◆ WHAT YOU ARE ASKED TO DO
Set down the data below in full, exactly as it reads, but without the pictures.

◆ RECORDED INFORMATION
★ ★ ★

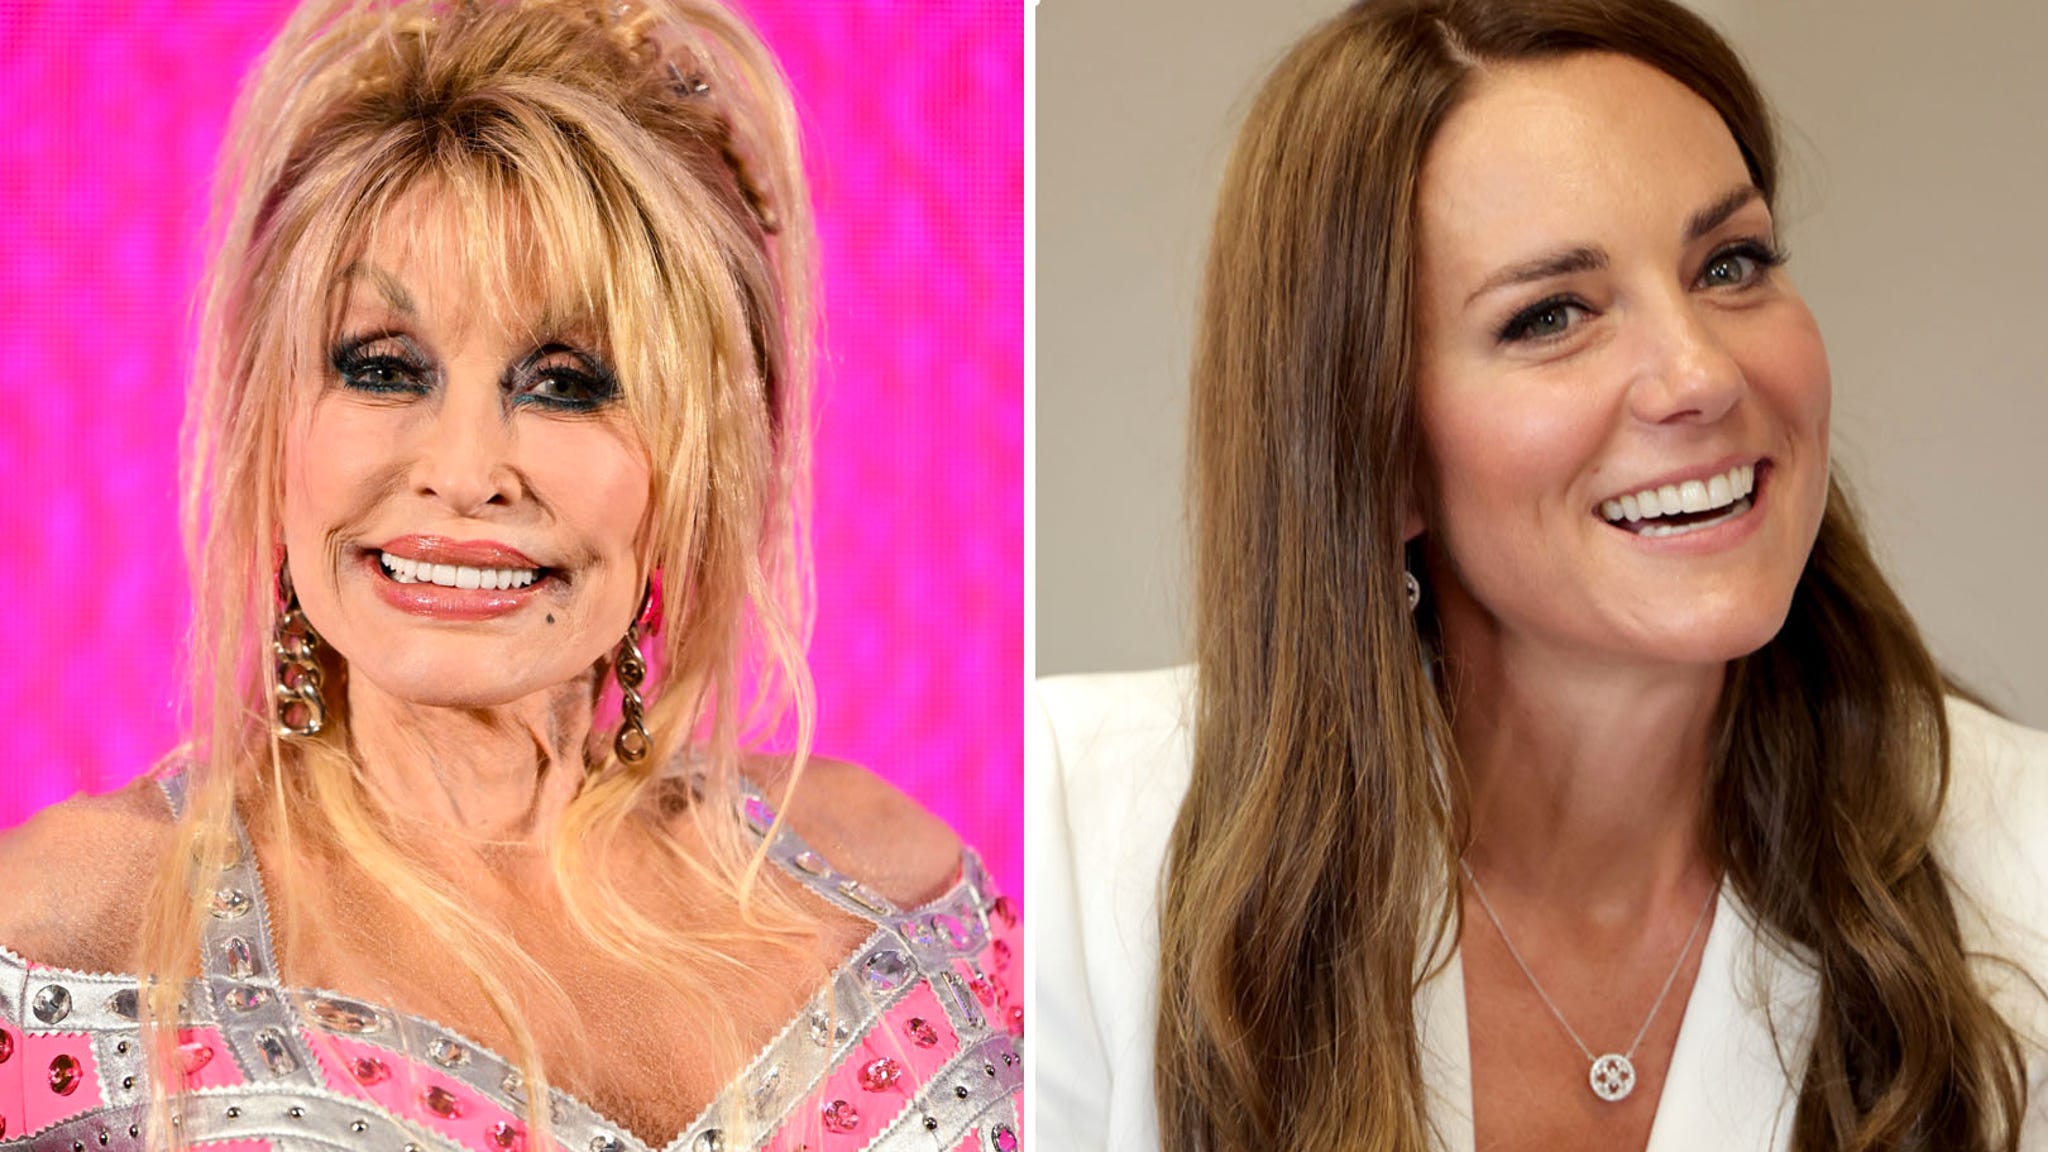 Why Dolly Parton Declined Kate Middleton Tea Party Invite
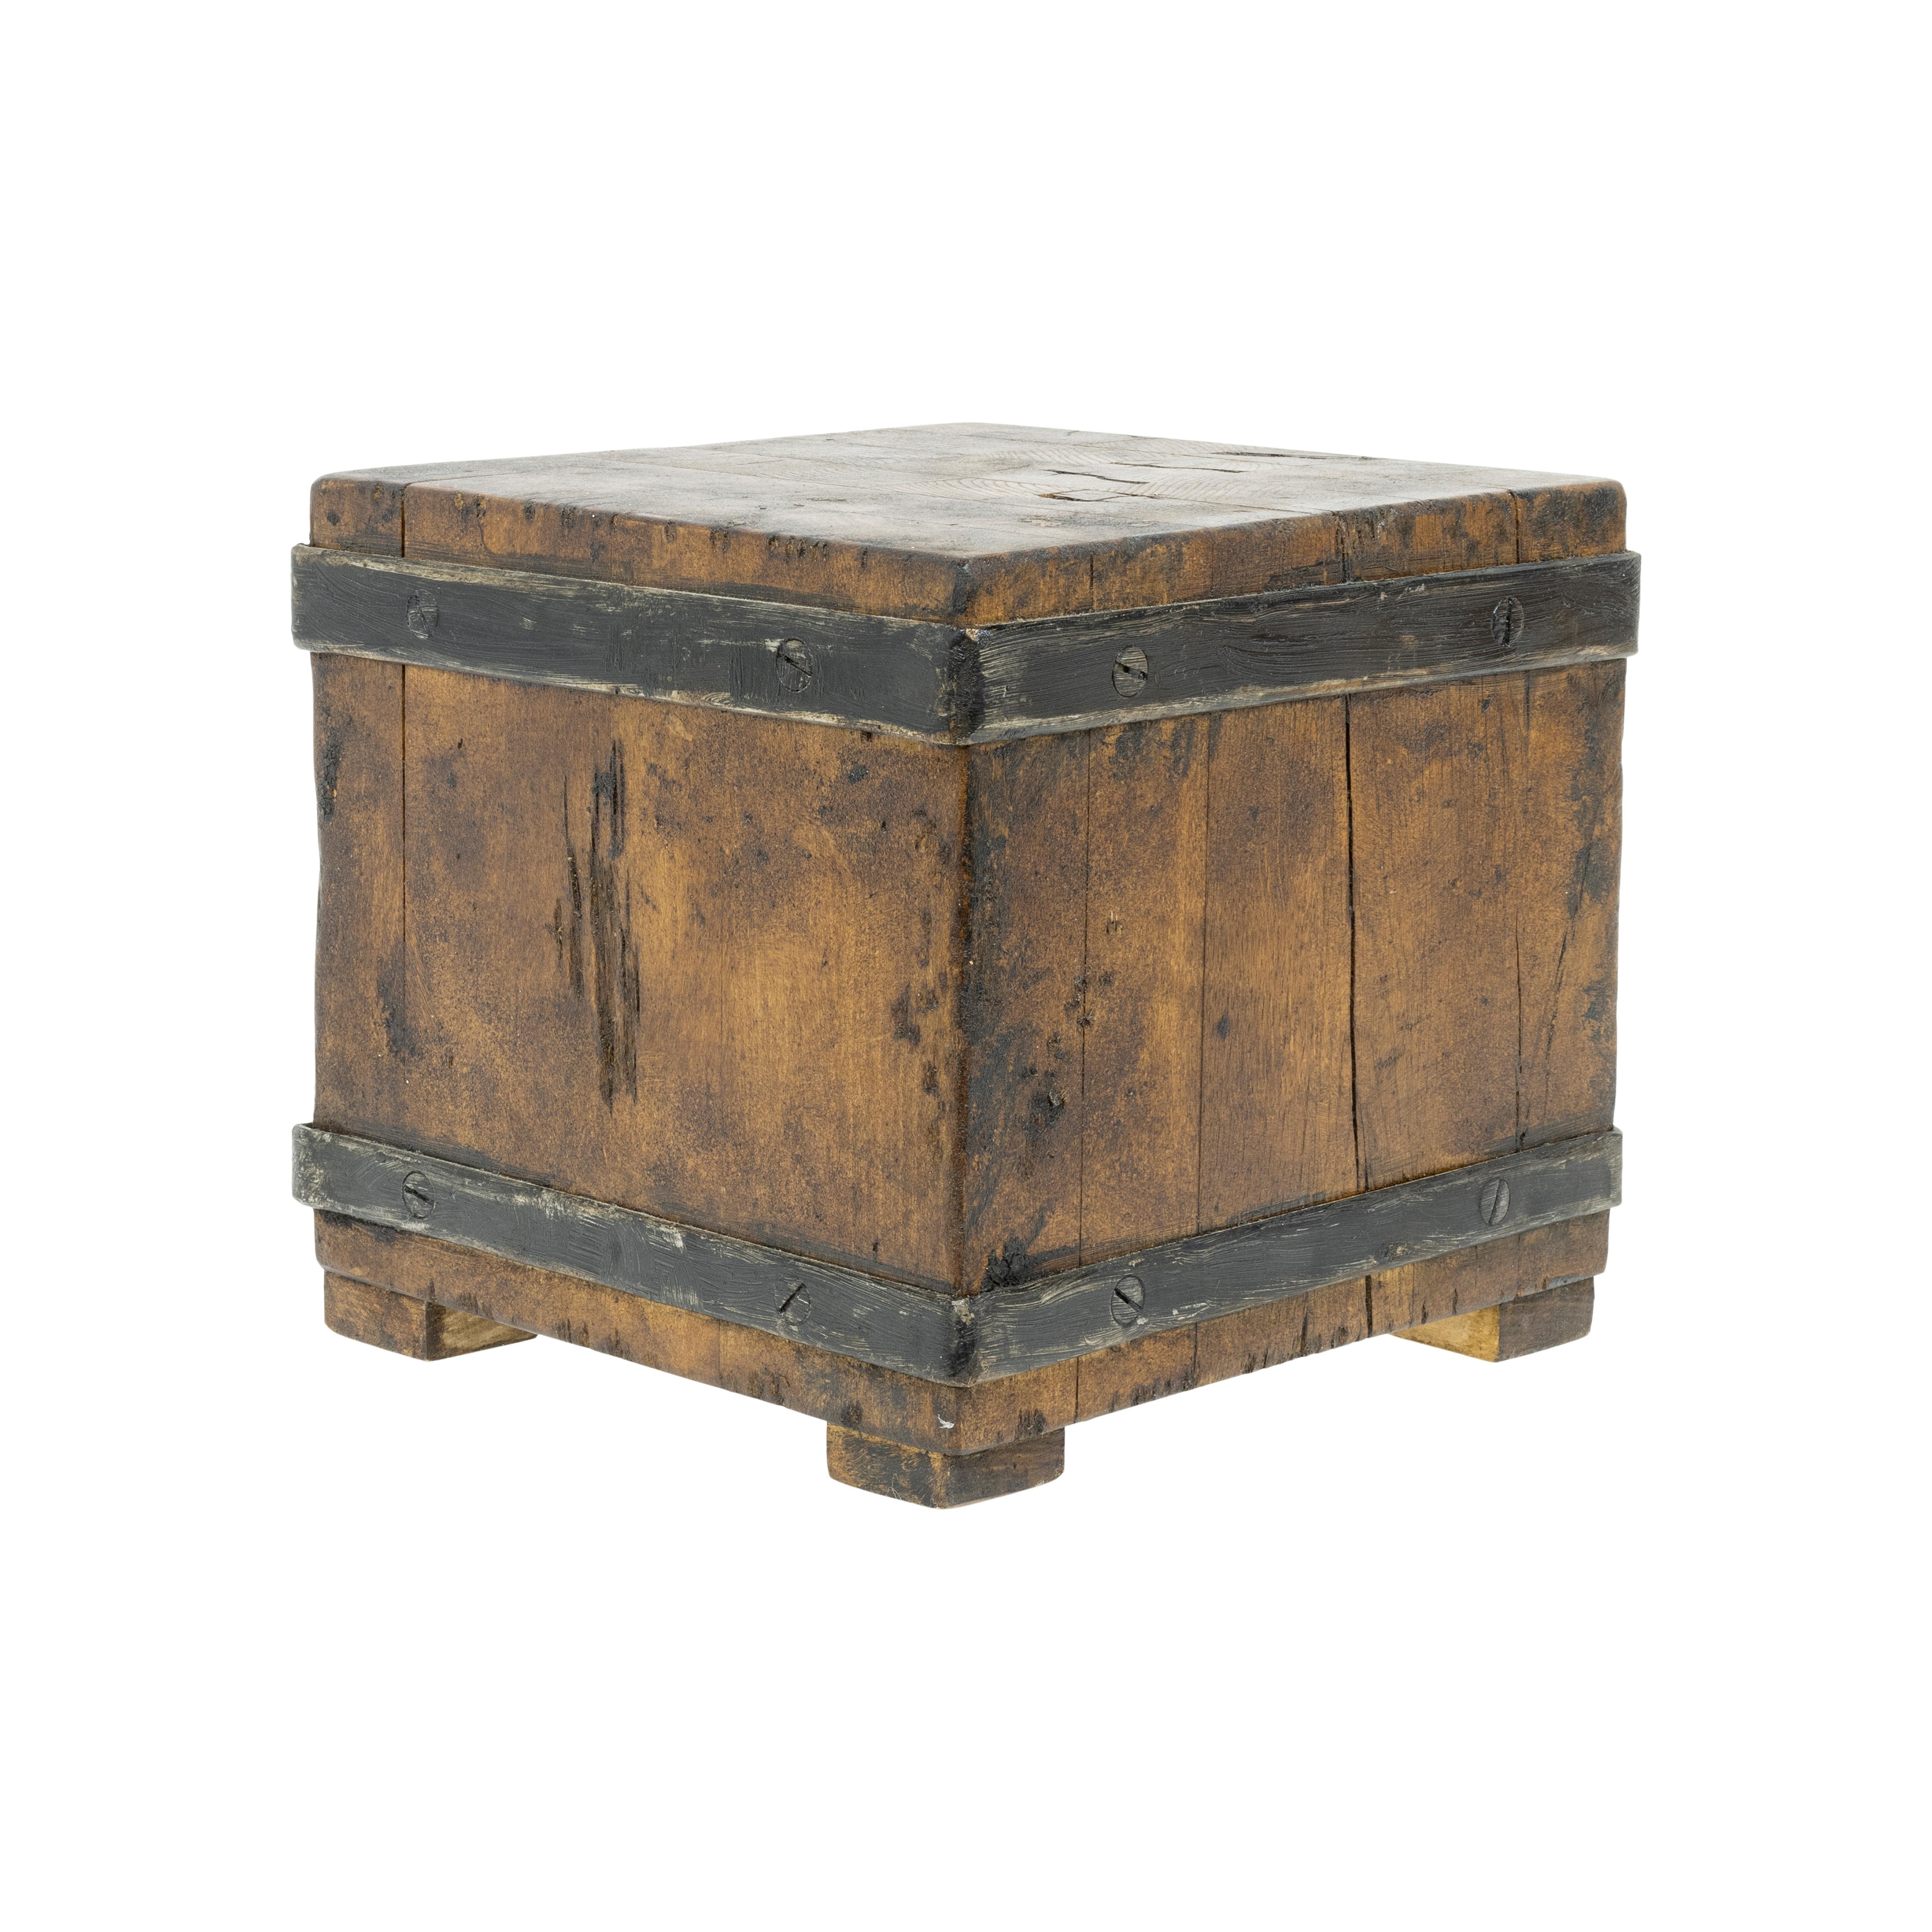 Primitive 19th Century Tabletop Butcher Block In Good Condition For Sale In Coeur d'Alene, ID
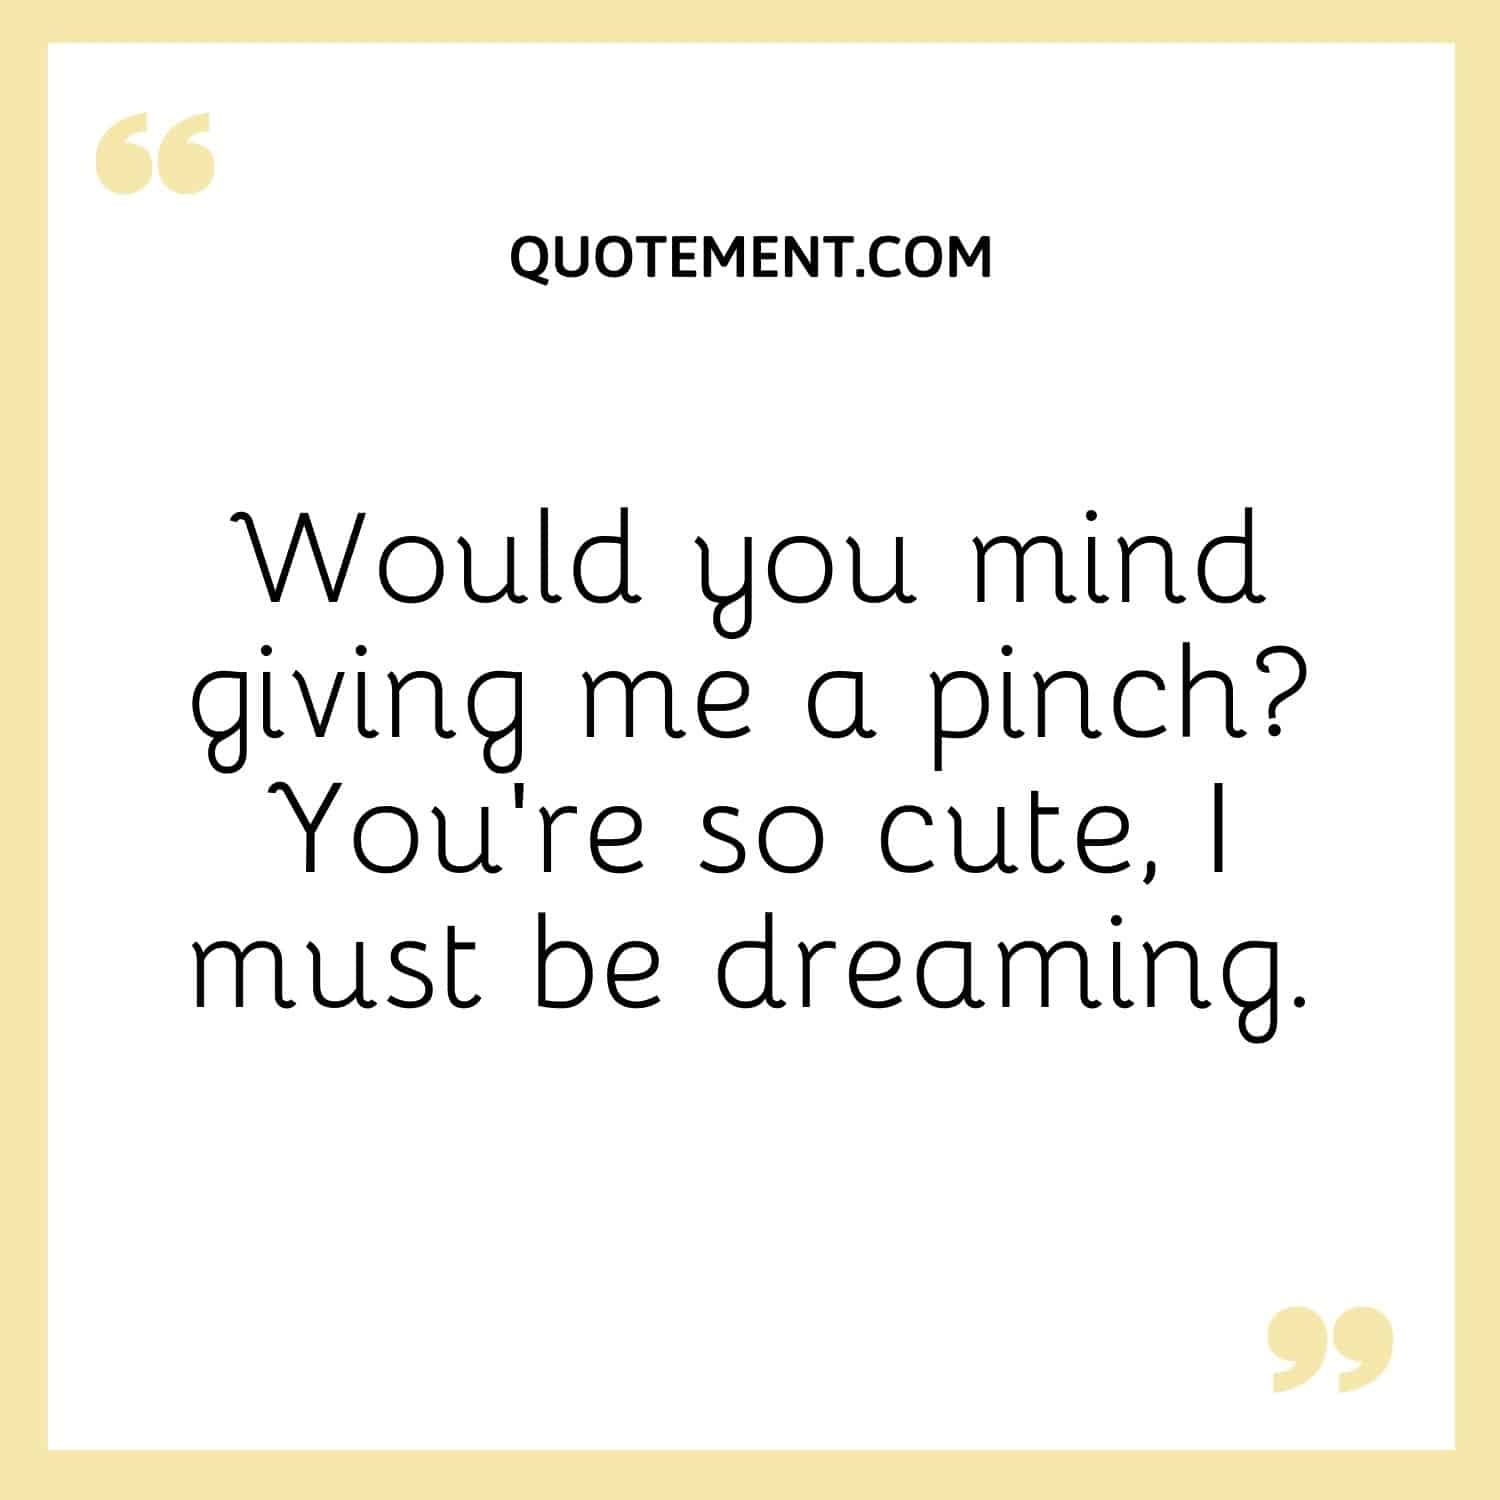 Would you mind giving me a pinch

★ ★ ★

◆ PROBLEM SOLUTION
 Why Dolly Parton Declined Kate Middleton Tea Party Invite
 Primitive 19th Century Tabletop Butcher Block In Good Condition For Sale In Coeur d'Alene, ID
 Would you mind giving me a pinch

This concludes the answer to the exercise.